Outside from Korinthos you could visit Corinth Canal which is one of the most impressive technological achievements in the area. Even since 602BC the tyrant Periandros had stated the opinion that a canal was needed in this area in order to avoid to expedite shipping and trading activities in the area. He built then the famous “Diolkos”, the paved street, where small ships were dragged by the slaves in order to avoid the circumnavigation of Peloponnese and the dangerous spots of Cape Malea and Cape Tainaro at the south of Peloponnese. Its strategic position resulted in the construction of the fortification walls “Examilion” which were built before 400BC and were preserved until the Byzantine Period. After Periandros many emperors of the Roman Empire, the Venetian and Ottoman occupiers also tried to continue the construction of the canal but nothing radical happened until 1880 when the systematic operations started. The Corinth Canal was completed in 1893. Today you can walk on the bridge of the canal and enjoy a breathtaking view. Alternatively you could take one of the tourist boats and enjoy a cruise of the canal. Some adventurous travelers could even try bungee jumping from the Corinth Canal.

Places to visit

The beautiful seaside village Lecheo is only 8km west of Korinthos. The area is known since the antiquity (6th BC) as one of the two ancient ports of Korinthos (Ancient Kechrees was the second). The visitor can still see the remains of this ancient port and the remains of an Early Christian Basilica (5th AD) which was constructed in the honor of Leonidis and the seven virgins who martyred during the persecutions of Dekiou in 251AD.
From the east side of Korinthos you have plenty of seaside locations that you could visit.
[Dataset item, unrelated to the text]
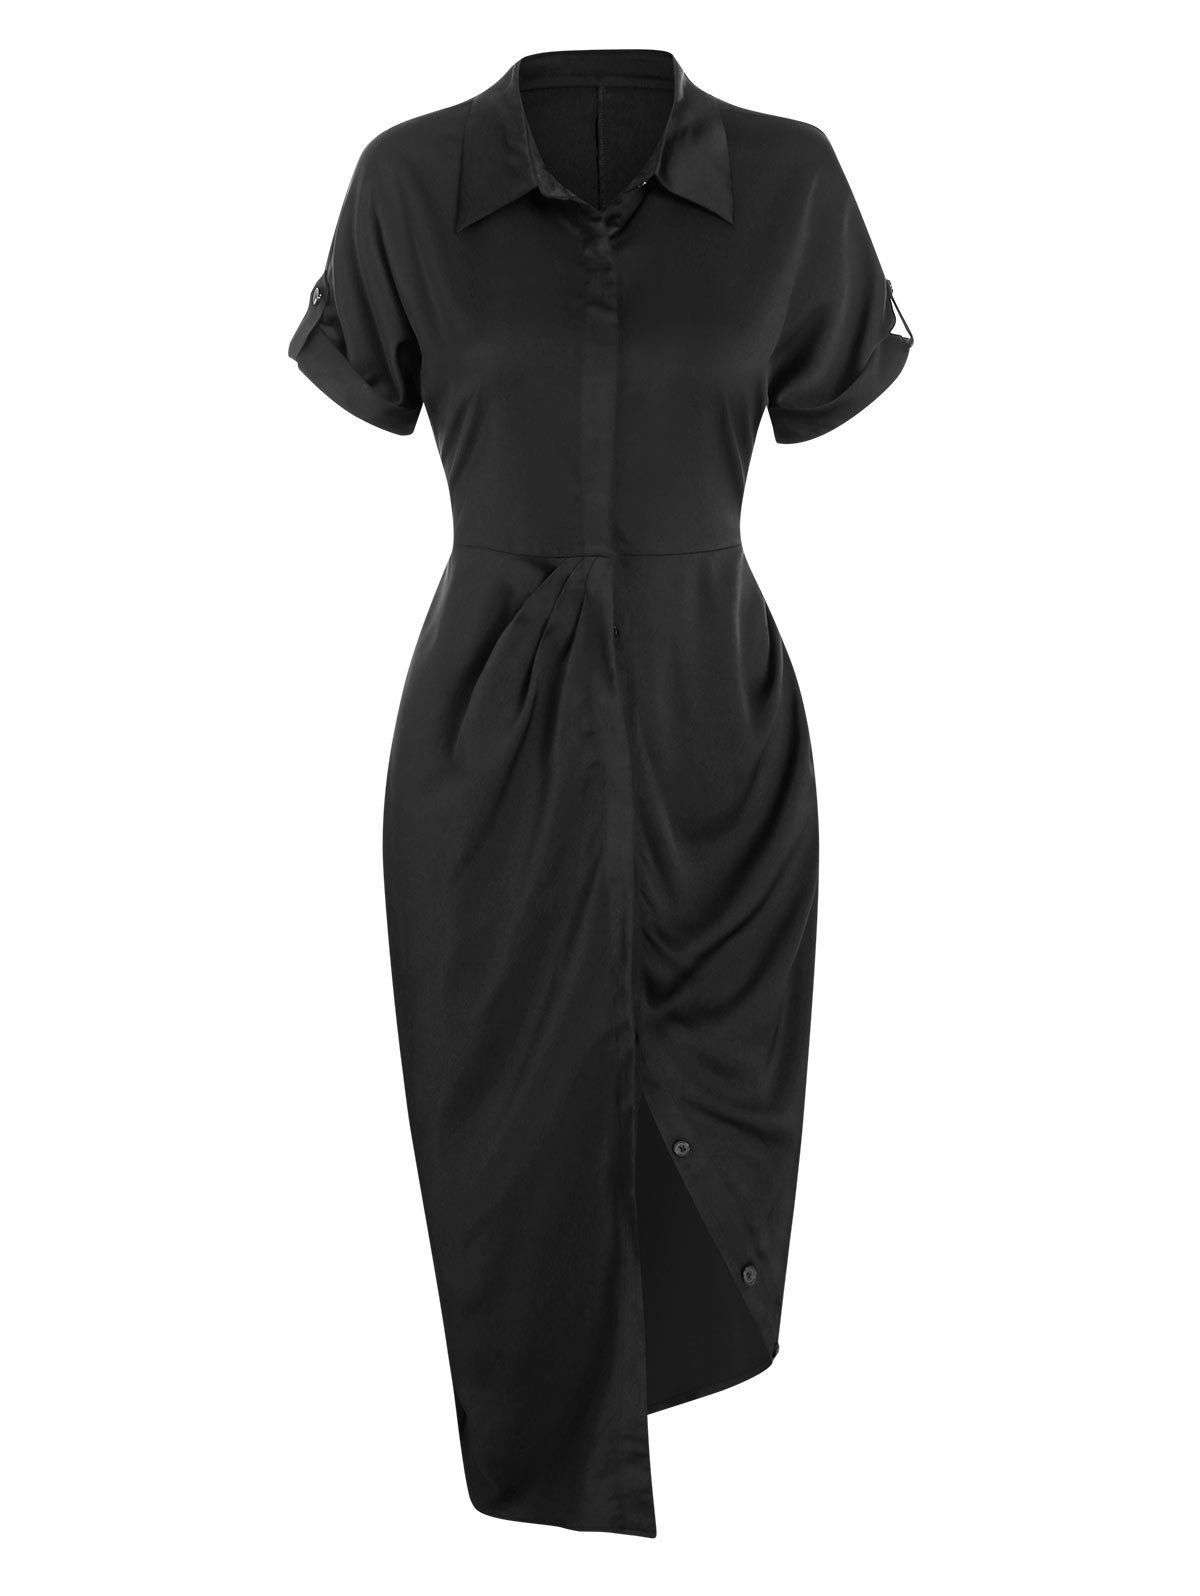 Ruched Asymmetrical Shirt Dress - BLACK XL

Starting from Kavos and heading south you will encounter beautiful seaside destinations like Loutra Oraias Elenis and Korfos. Korfos is known for its fish taverns near the pebble beach of the bight. South of Korfos and about 60,5km away from Korinthos there is the archaeological site of Ancient Epidaurus with the renowned ancient theater.
The legendary Nemea is a wonderful option for a trip close to Korinthos. Here was the place where Hercules killed the Nemean Lion and the Pan-Hellenic Nemean Games took place during the Antiquity. There is a notable archaeological site here with the temple of Zeus and the stadium. Don’t forget to try the famous “Agiorgitiko” wine which is often called by the locals “the blood of Hercules” due to the deep red color of this wine variety.